I tried to show that the inner product does not hold by using the conjugate symmetry, linearity and non-degenerancy conditions. But I am unsure of how to do it for the norm $\lVert{\cdot} \rVert _{\infty}$
|
To simplify my answer, I'll ignore the "continuous" requirement and assume there is an appropriate inner product for that norm.

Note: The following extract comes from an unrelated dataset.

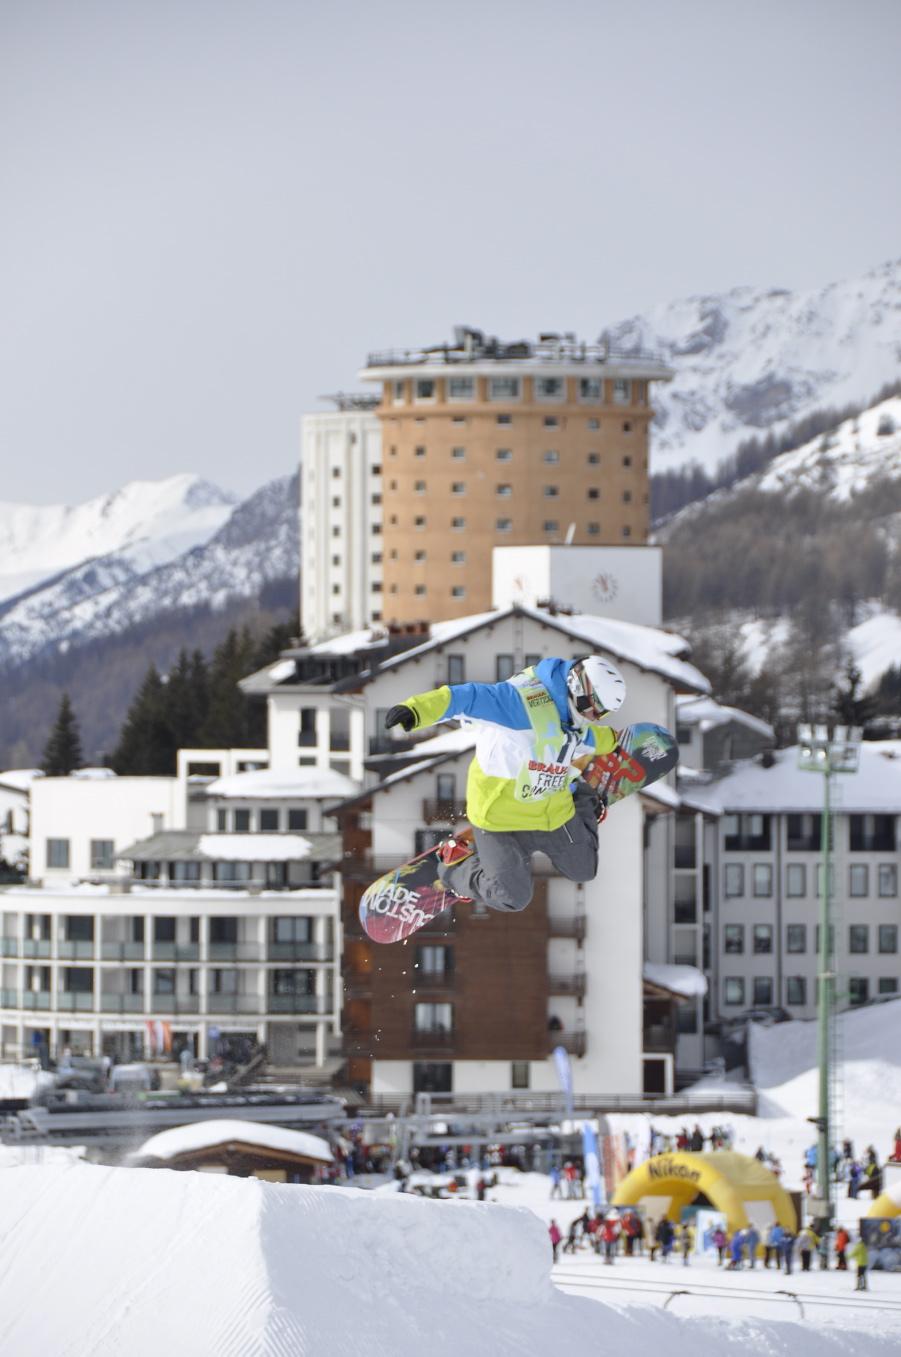 Braulio Vertical Tour, Slopestyle, Snowboard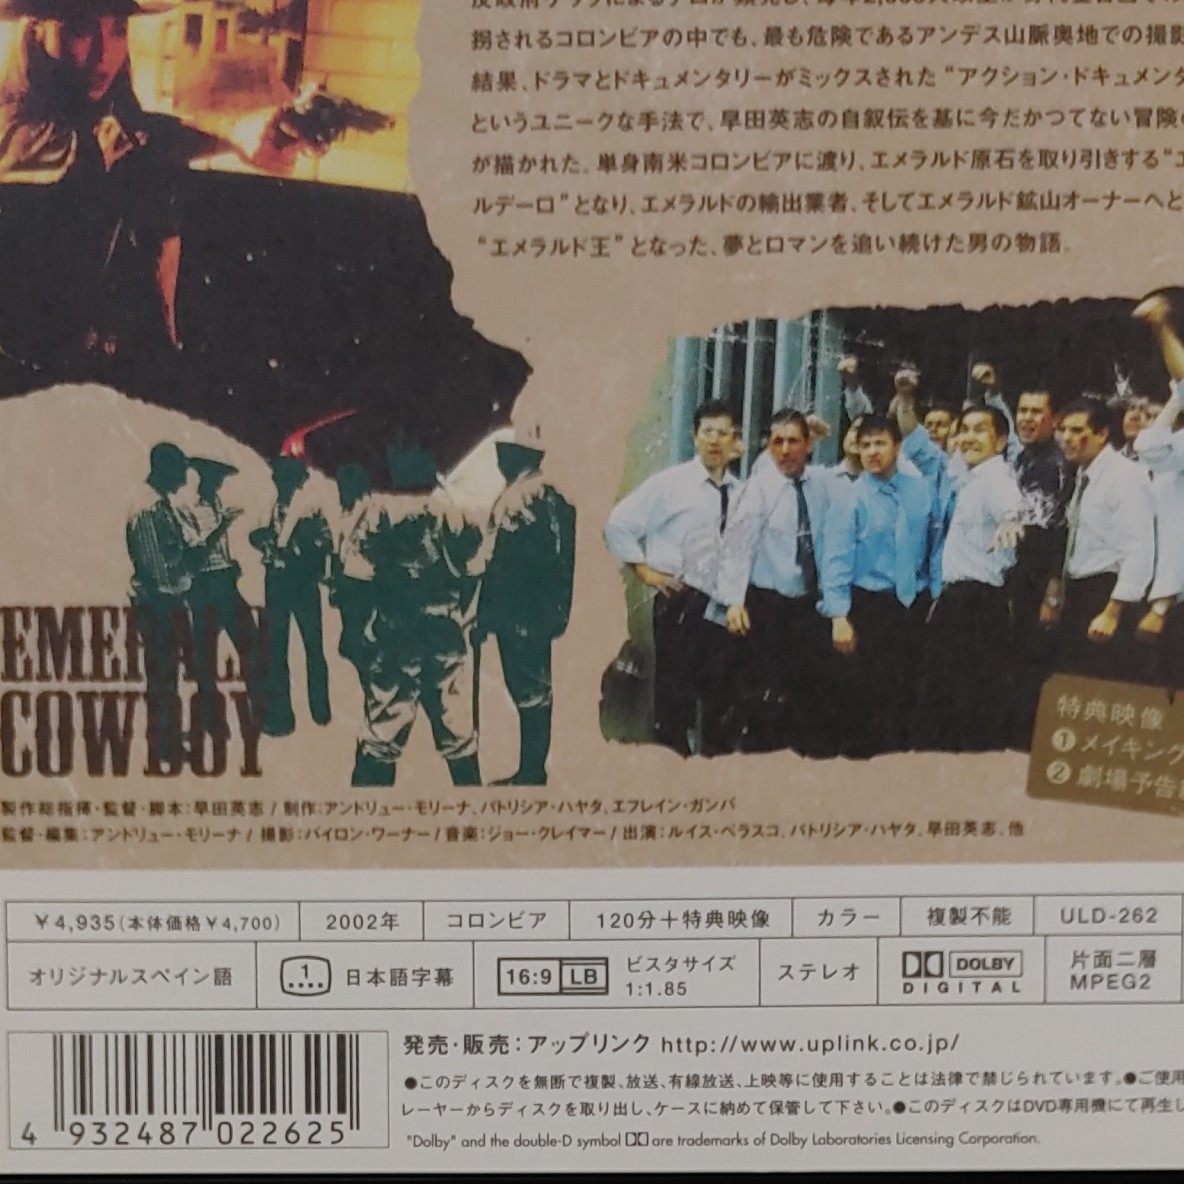 DVD エメラルド・カウボーイ

Let $b$ be a real number, $$f(x) = \left\{ {\begin{array}{*{20}{c}}
{1,}&{x = 0} \\
{0,}&{x \ne 0}
\end{array}} \right.$$
and $$g(x) = \left\{ {\begin{array}{*{20}{c}}
{1,}&{x = 2} \\
{0,}&{x \ne 2}
\end{array}} \right.$$
Then we would have $${\left\| {f + bg} \right\|^2} = {\left\| f \right\|^2} + {b^2}{\left\| g \right\|^2} + 2b\left\langle {f,g} \right\rangle $$
which varies quadratically for varying $b$. However, in our case, $\left\| {f + bg} \right\|$ is 1 for $\left| b \right| \leqslant 1$ ($f$ dominates) and is $\left| b \right|$ for $\left| b \right| > 1$ ($bg$ dominates). This is the wrong kind of variation, so the inner product must not exist.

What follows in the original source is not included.